== Segment start ==
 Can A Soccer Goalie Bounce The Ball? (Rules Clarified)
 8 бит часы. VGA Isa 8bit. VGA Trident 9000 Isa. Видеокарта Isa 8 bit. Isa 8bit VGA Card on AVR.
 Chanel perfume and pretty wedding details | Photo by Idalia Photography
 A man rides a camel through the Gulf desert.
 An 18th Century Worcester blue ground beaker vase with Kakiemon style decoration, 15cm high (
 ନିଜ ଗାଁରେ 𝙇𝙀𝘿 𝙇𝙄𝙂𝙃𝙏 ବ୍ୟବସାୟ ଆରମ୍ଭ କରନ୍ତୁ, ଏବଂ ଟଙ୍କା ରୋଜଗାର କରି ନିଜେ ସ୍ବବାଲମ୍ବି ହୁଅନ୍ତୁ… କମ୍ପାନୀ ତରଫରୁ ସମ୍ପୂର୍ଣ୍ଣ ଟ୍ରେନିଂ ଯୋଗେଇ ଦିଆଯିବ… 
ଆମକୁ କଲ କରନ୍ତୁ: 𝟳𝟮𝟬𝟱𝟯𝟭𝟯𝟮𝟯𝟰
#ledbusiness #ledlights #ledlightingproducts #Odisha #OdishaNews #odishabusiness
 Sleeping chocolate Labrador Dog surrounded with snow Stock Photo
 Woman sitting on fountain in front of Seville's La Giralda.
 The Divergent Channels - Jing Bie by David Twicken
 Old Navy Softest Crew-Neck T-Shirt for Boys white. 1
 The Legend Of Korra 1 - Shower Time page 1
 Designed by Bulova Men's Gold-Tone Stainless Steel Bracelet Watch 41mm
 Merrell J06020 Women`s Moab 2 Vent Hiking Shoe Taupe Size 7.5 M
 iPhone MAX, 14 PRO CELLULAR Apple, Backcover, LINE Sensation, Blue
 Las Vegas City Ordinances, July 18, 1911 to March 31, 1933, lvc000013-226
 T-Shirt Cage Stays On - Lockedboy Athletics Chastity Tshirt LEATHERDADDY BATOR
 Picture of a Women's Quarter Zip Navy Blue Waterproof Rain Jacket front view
== Segment end ==
Without altering a single character, write out every record above.

§ **RESPONSE TO THIS TASK**
 Can A Soccer Goalie Bounce The Ball? (Rules Clarified)
 8 бит часы. VGA Isa 8bit. VGA Trident 9000 Isa. Видеокарта Isa 8 bit. Isa 8bit VGA Card on AVR.
 Chanel perfume and pretty wedding details | Photo by Idalia Photography
 A man rides a camel through the Gulf desert.
 An 18th Century Worcester blue ground beaker vase with Kakiemon style decoration, 15cm high (
 ନିଜ ଗାଁରେ 𝙇𝙀𝘿 𝙇𝙄𝙂𝙃𝙏 ବ୍ୟବସାୟ ଆରମ୍ଭ କରନ୍ତୁ, ଏବଂ ଟଙ୍କା ରୋଜଗାର କରି ନିଜେ ସ୍ବବାଲମ୍ବି ହୁଅନ୍ତୁ… କମ୍ପାନୀ ତରଫରୁ ସମ୍ପୂର୍ଣ୍ଣ ଟ୍ରେନିଂ ଯୋଗେଇ ଦିଆଯିବ… 
ଆମକୁ କଲ କରନ୍ତୁ: 𝟳𝟮𝟬𝟱𝟯𝟭𝟯𝟮𝟯𝟰
#ledbusiness #ledlights #ledlightingproducts #Odisha #OdishaNews #odishabusiness
 Sleeping chocolate Labrador Dog surrounded with snow Stock Photo
 Woman sitting on fountain in front of Seville's La Giralda.
 The Divergent Channels - Jing Bie by David Twicken
 Old Navy Softest Crew-Neck T-Shirt for Boys white. 1
 The Legend Of Korra 1 - Shower Time page 1
 Designed by Bulova Men's Gold-Tone Stainless Steel Bracelet Watch 41mm
 Merrell J06020 Women`s Moab 2 Vent Hiking Shoe Taupe Size 7.5 M
 iPhone MAX, 14 PRO CELLULAR Apple, Backcover, LINE Sensation, Blue
 Las Vegas City Ordinances, July 18, 1911 to March 31, 1933, lvc000013-226
 T-Shirt Cage Stays On - Lockedboy Athletics Chastity Tshirt LEATHERDADDY BATOR
 Picture of a Women's Quarter Zip Navy Blue Waterproof Rain Jacket front view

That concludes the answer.